In vivo behavioral studies demonstrated that both CMPD1 and CMPD2 significantly reduced immobility time in FST and TST, indicative of antidepressant-like activity. There was a significant (p < 0.05) reduction in duration of immobility at all the tested doses (20, 40, and 80 mg/Kg) as compared to the distilled water group in the forced swim test.

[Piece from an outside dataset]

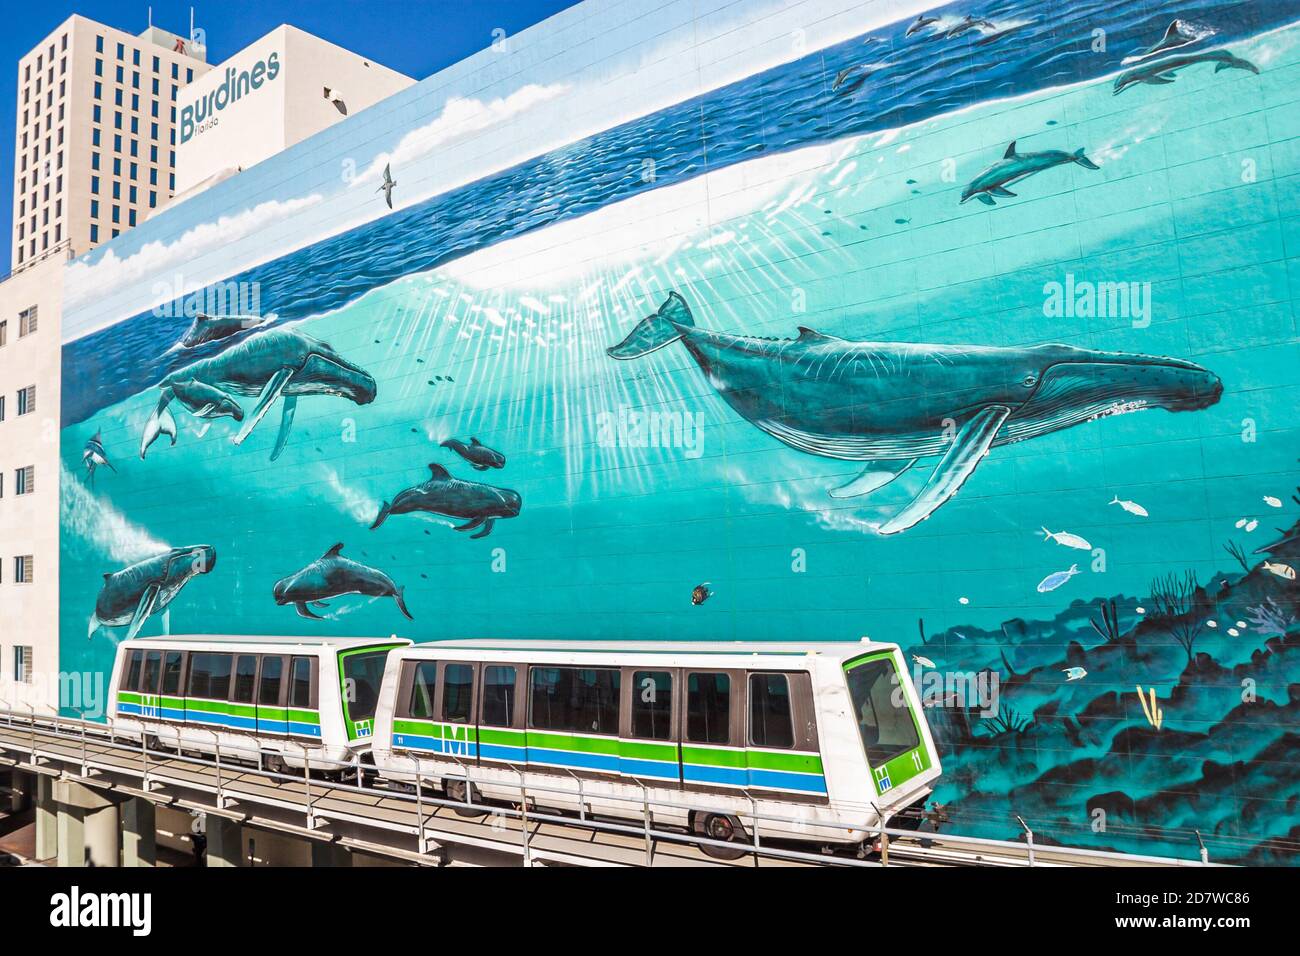 Miami Florida, People MetroMover service de train gratuit au centre-ville, Marine Life baleines thème mur bâtiment latéral, Banque D'Images
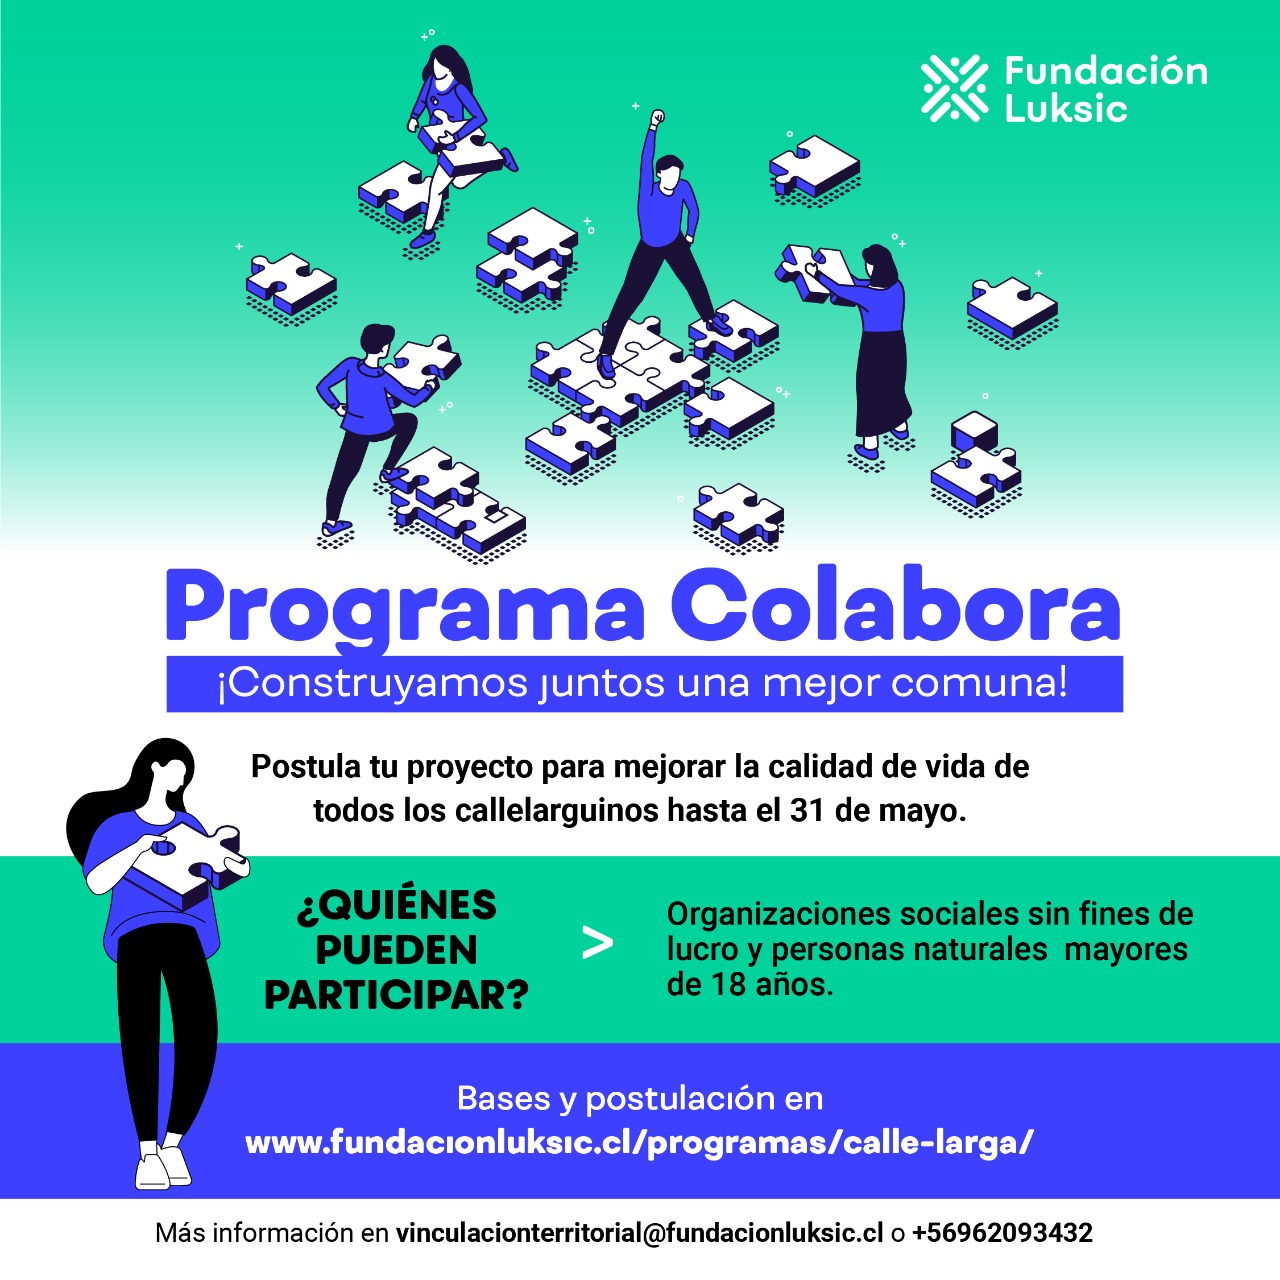 CALLE LARGA:  Fundación Luksic lanza programa “Colabora” en Calle Larga

Interestingly, both compounds demonstrated significant antidepressant activity without the pronounced motor stimulation observed with psychostimulants, as evidenced by controlled behavioral patterns during the tests [12].

4. Conclusions

This study successfully designed, synthesized, and characterized two novel quinoline derivatives, CMPD1 and CMPD2. Spectral data confirmed their structures, and pharmacological evaluation revealed significant antidepressant activity, especially for CMPD2. In silico results corroborated their drug-like properties and target interactions. These findings position 2,4-diphenylquinoline derivatives as promising candidates for further antidepressant development.